Language Modeling Benchmark (Pile)

Pretrained models are uploaded to huggingface TokenFormer-150M, TokenFormer-450M, TokenFormer-900M and TokenFormer-1-5B, trained on 300B tokens on the Pile.

These models were trained on the Pile, and follow the standard model dimensions of Transformer, and evaluated on standard zero-shot benchmark described by mamba: | Model |Params| Layers | Model dim. |ckpt|config|log| |---------|---------|---------|--------|--------|---------|---------| | TokenFormer-150M | 150M | 12 | 768 |ckpt| config |log| | TokenFormer-450M | 450M | 24 | 1024 |ckpt| config |log| | TokenFormer-900M| 900M| 32 | 1280 |ckpt| config |log| | TokenFormer-1-5B| 1-5B| 40 | 1536 |ckpt| config |log|

Note: these are base models trained only for 300B tokens, without any form of downstream modification (instruction tuning, etc.).
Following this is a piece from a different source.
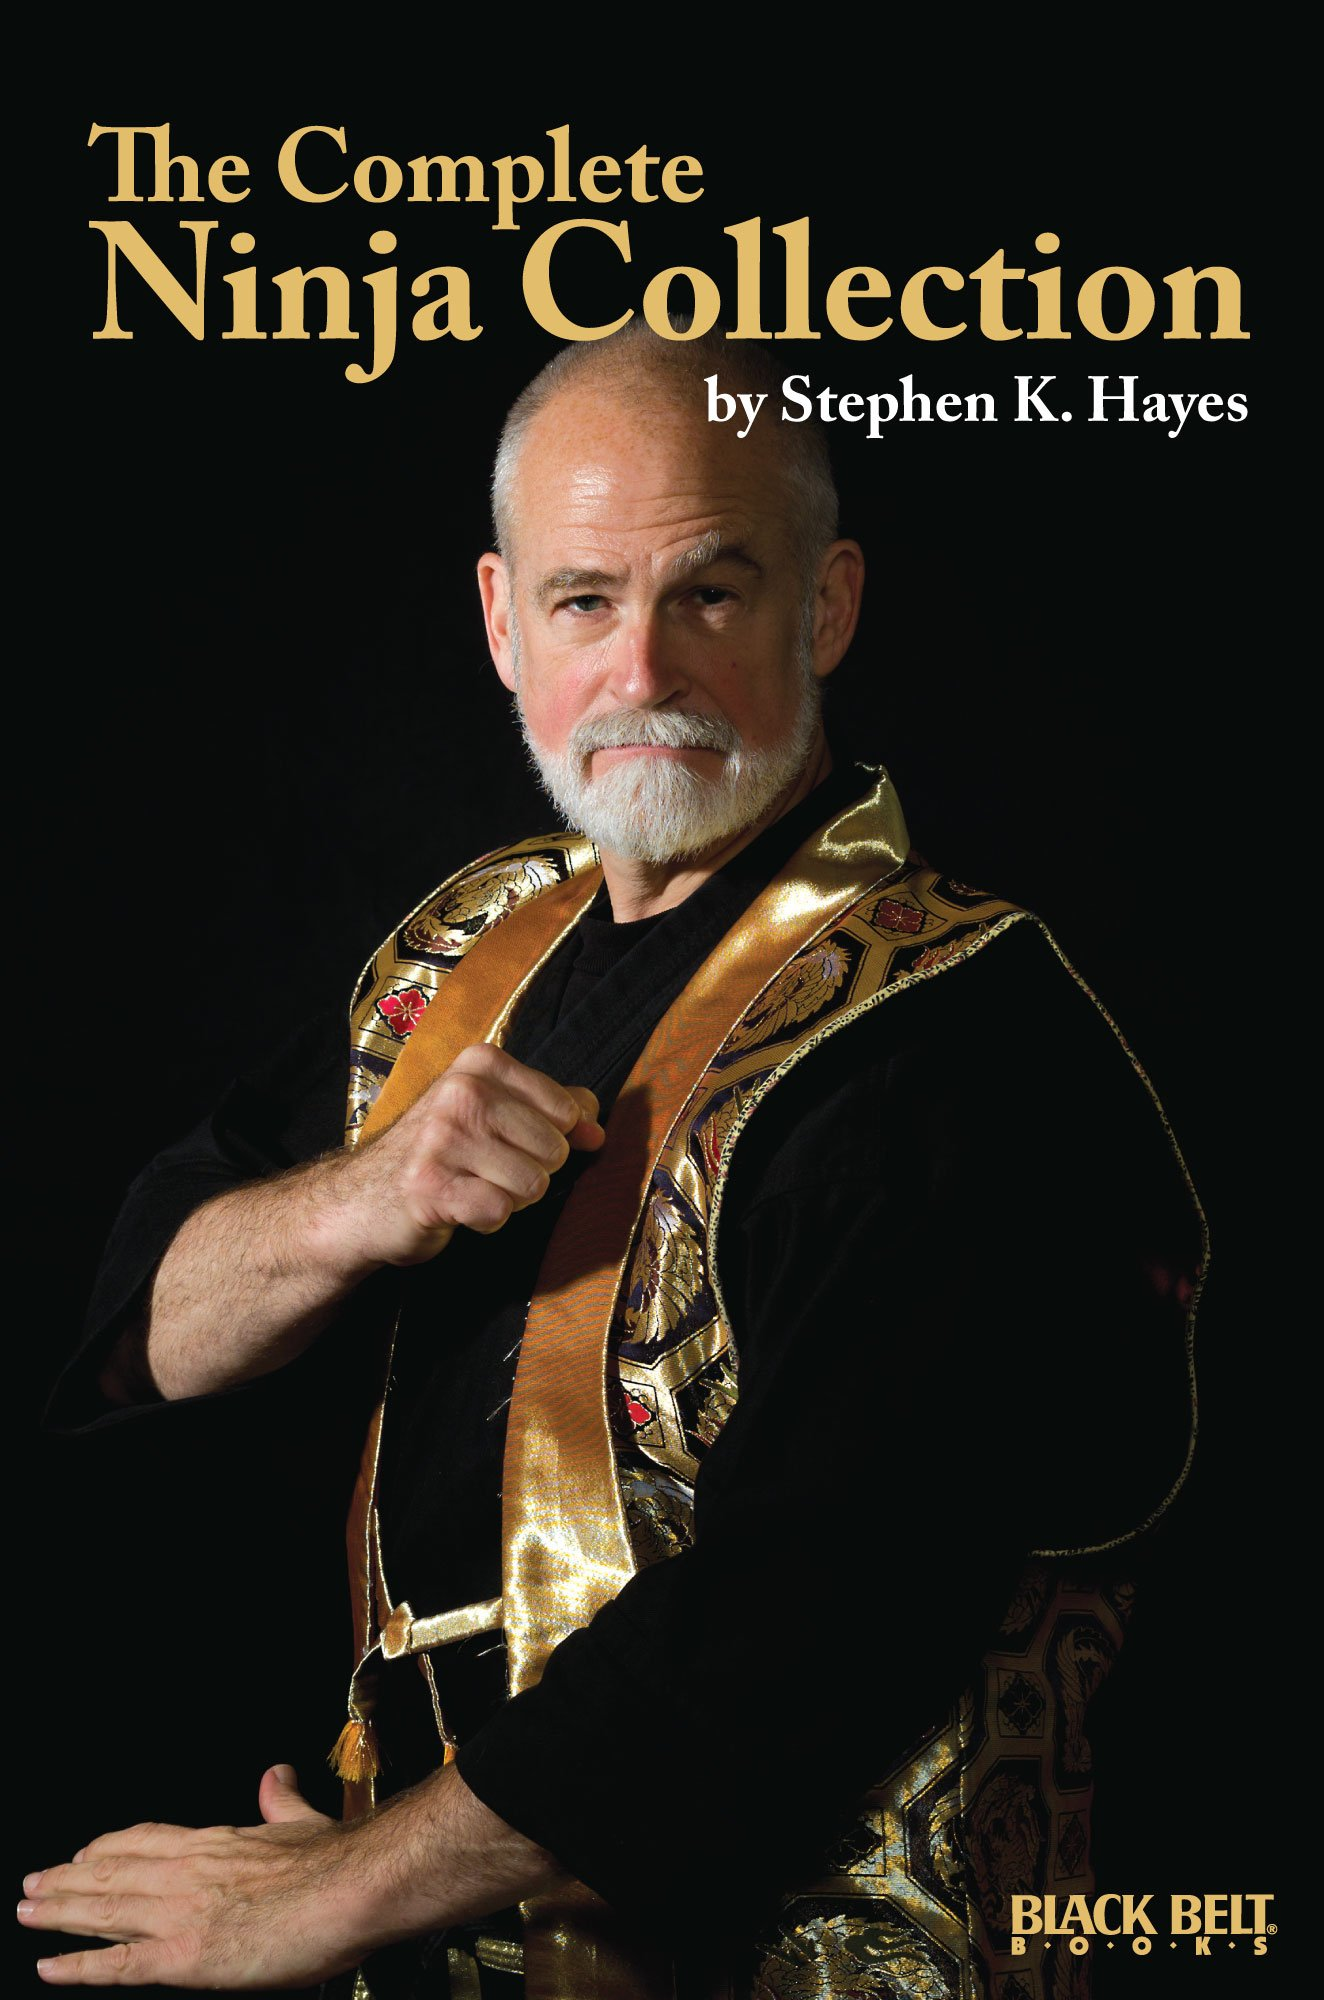 The Complete Ninja Collection: Amazon.es: Stephen K. Hayes ...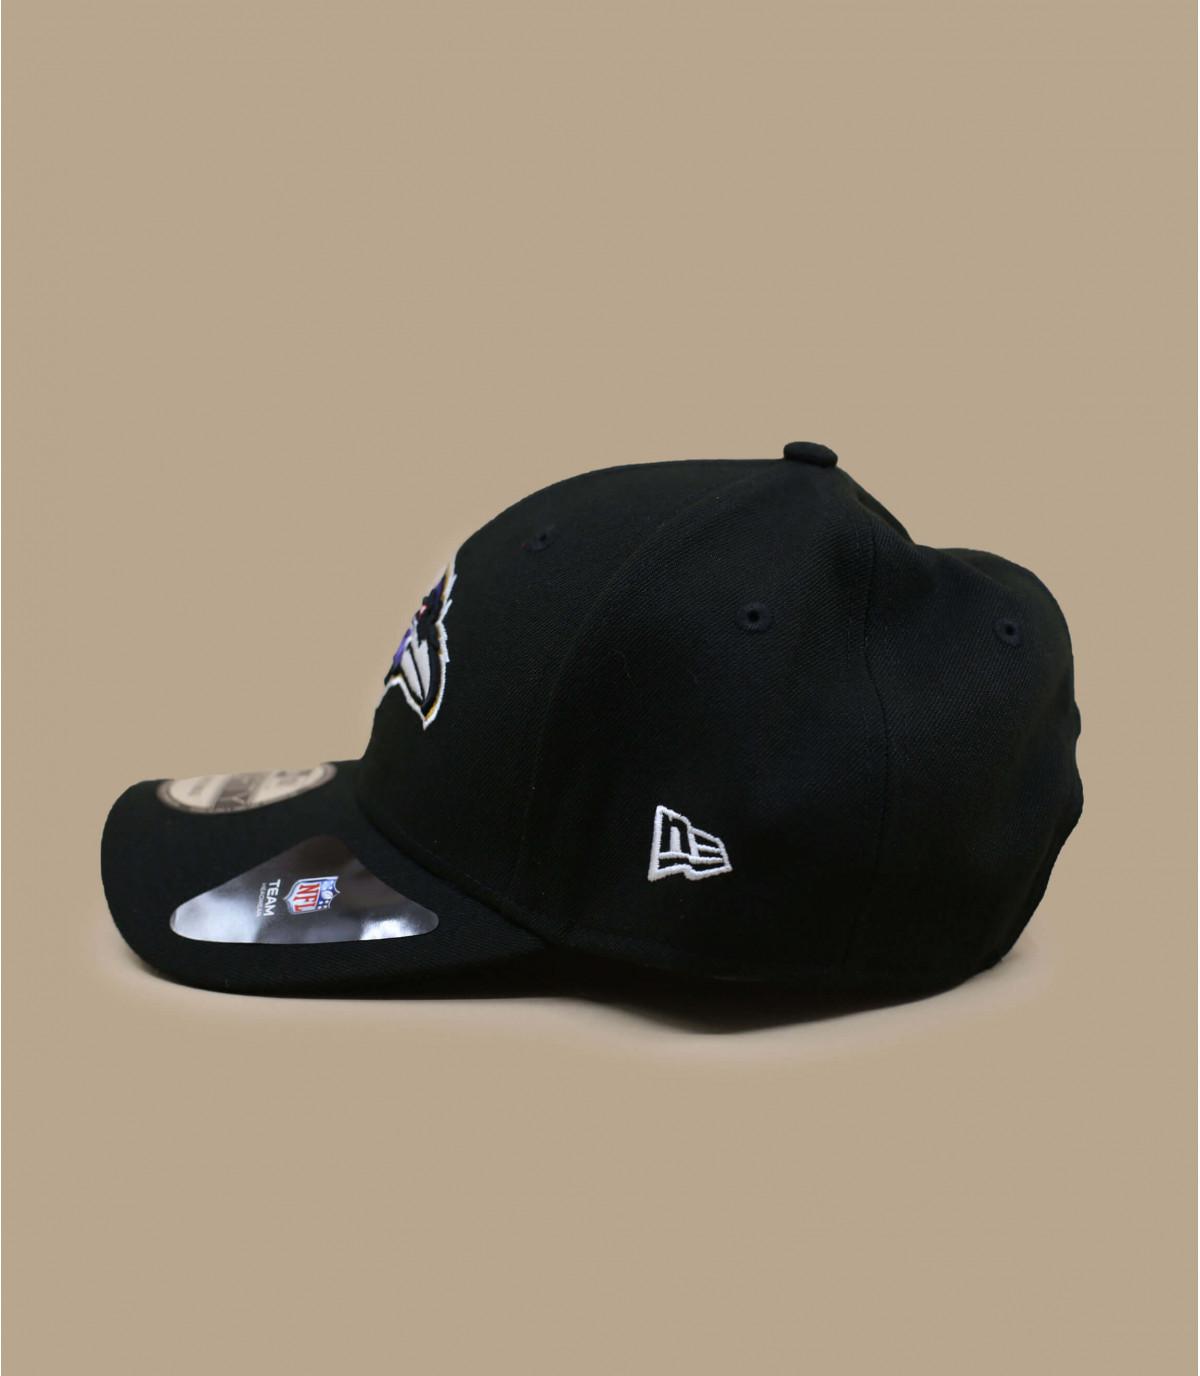 Ravens curva Cap Black

Performance is expected to be comparable or better than other architectures trained on similar data, but not to match larger or fine-tuned models.

Visual Modeling Benchmark (DataComp-1B on CLIP approach)

Will be released later.

🛠️ Quick Start

Installation

First make sure you are in an environment with Python 3.8 and CUDA 12 with an appropriate version of PyTorch 1.8 or later installed. Note: our TokenFormer is based on the GPT-NeoX, some of the libraries that GPT-NeoX depends on have not been updated to be compatible with Python 3.10+. Python 3.9 appears to work, but this codebase has been developed and tested for Python 3.8.

To install the remaining basic dependencies, run:

conda create -n TokenFormer python=3.8

git clone https://github.com/Haiyang-W/TokenFormer.git

pip install torch==2.2.1 torchvision==0.17.1 torchaudio==2.2.1 --index-url https://download.pytorch.org/whl/cu121

### raven module load gcc/10

### If you face cargo problem when run pip install -r requirements/requirements.txt,  please follow the bellow command
# curl https://sh.rustup.rs -sSf | sh
# export PATH="$HOME/.cargo/bin:$PATH"
# source ~/.profile
# source ~/.cargo/env

### if you face mpi4py problem when run pip install -r requirements/requirements.txt, please:
# conda install -c conda-forge mpi4py=3.0.3

pip install -r requirements/requirements.txt

pip install -r requirements/requirements-flashattention.txt # need gcc > 9
pip install -r requirements/requirements-wandb.txt # optional, if logging using WandB
pip install -r requirements/requirements-tensorboard.